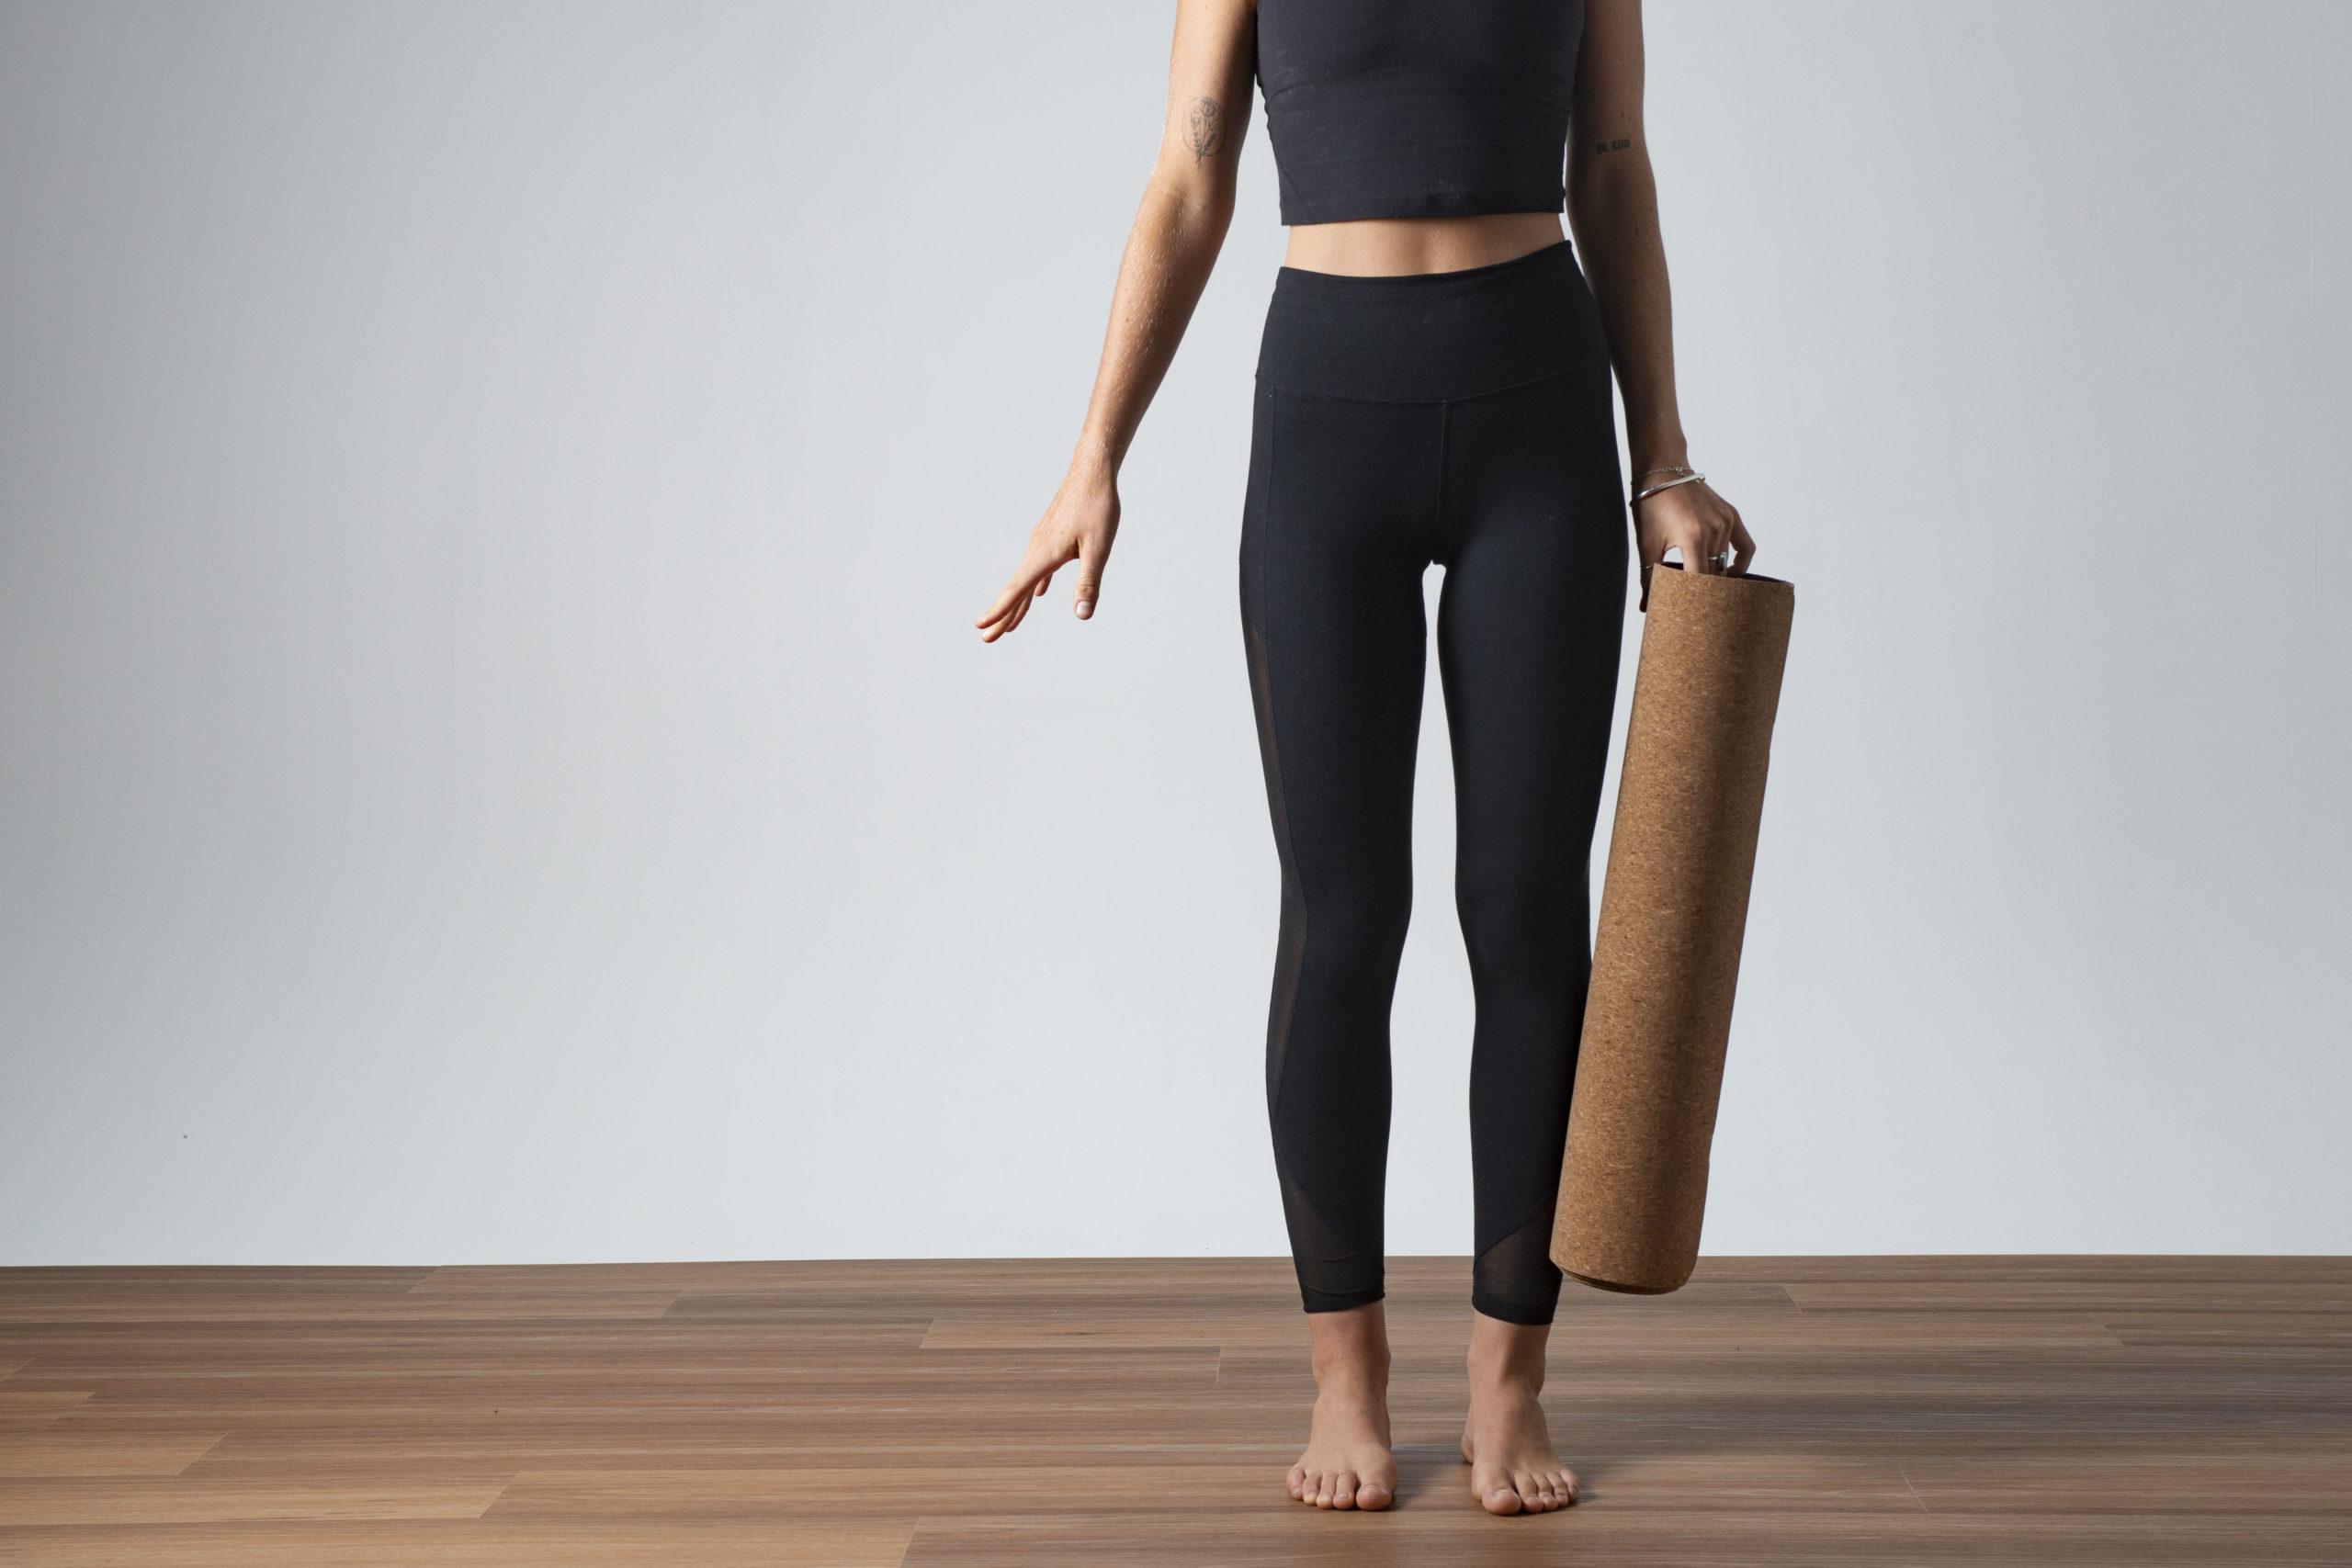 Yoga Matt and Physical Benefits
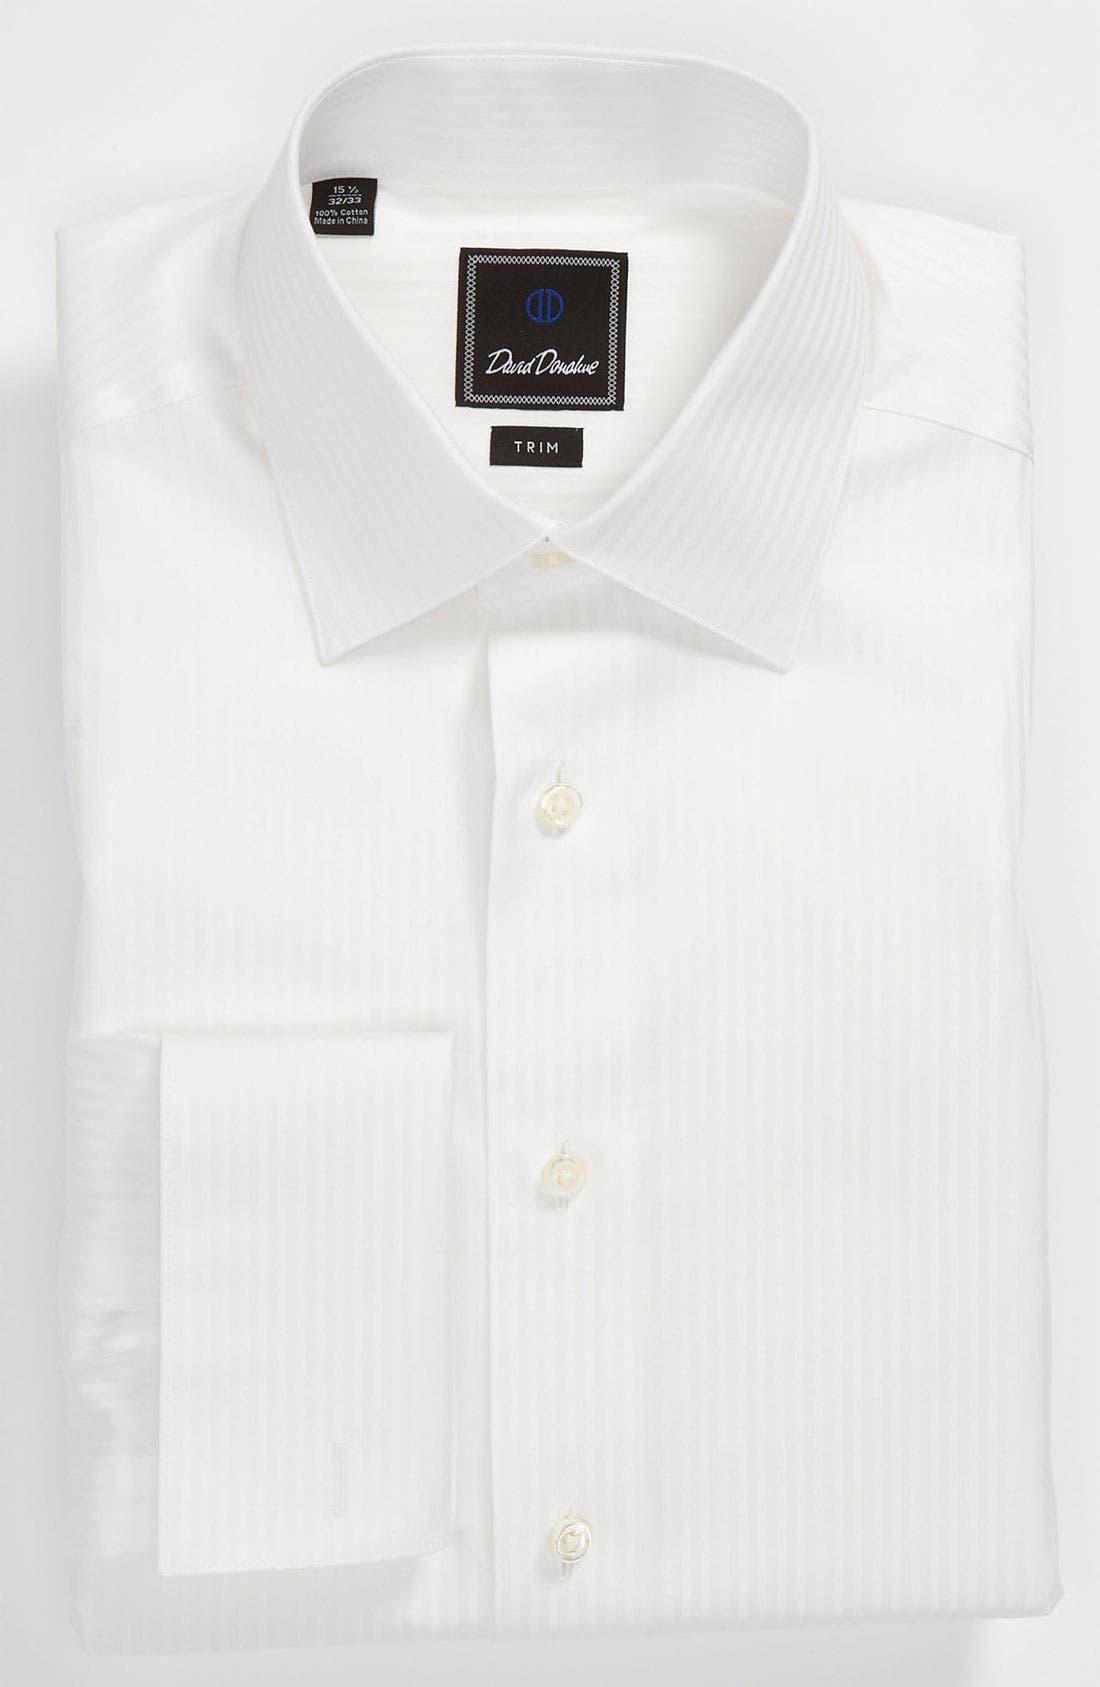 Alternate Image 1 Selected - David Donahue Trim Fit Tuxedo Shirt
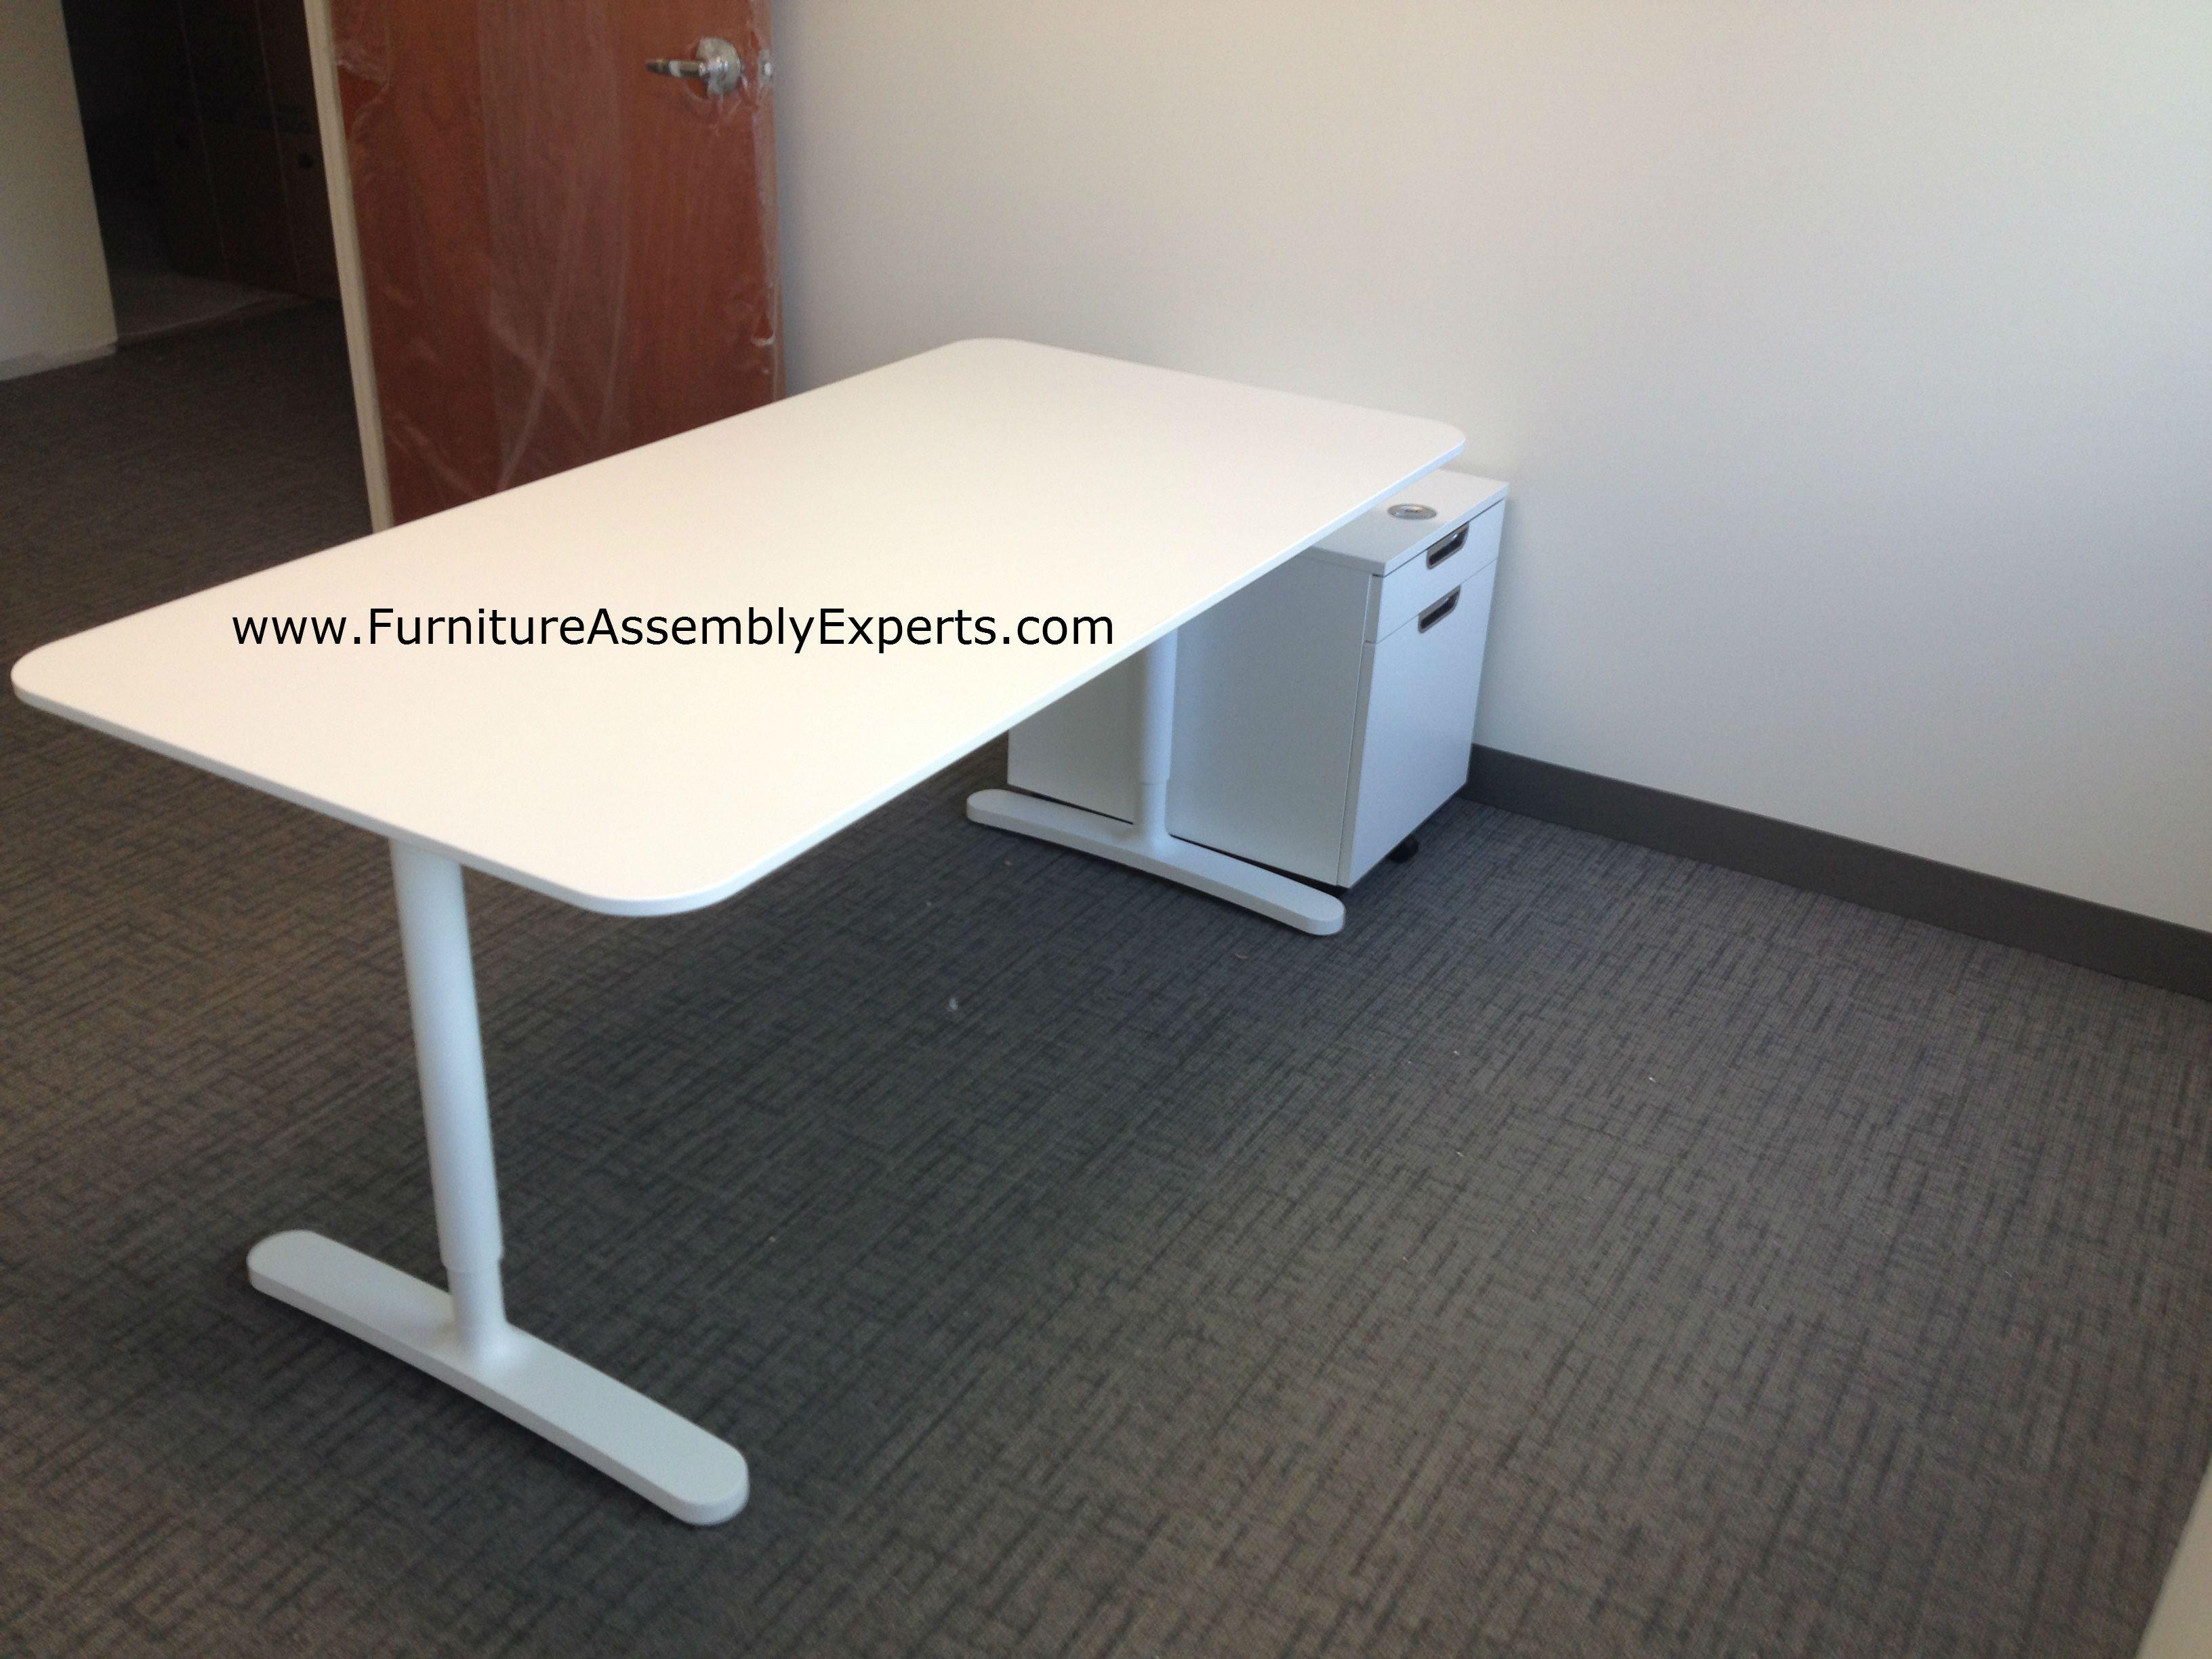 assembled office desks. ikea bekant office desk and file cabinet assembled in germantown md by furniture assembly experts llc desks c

● ● ● ● ● ● ●

__What needs to be done__:
Transcribe the full listing above exactly as it stands, minus the pictures.

__Result of the exercise__:
 Yoga Matt and Physical Benefits
 Alternate Image 1 Selected - David Donahue Trim Fit Tuxedo Shirt
 assembled office desks. ikea bekant office desk and file cabinet assembled in germantown md by furniture assembly experts llc desks c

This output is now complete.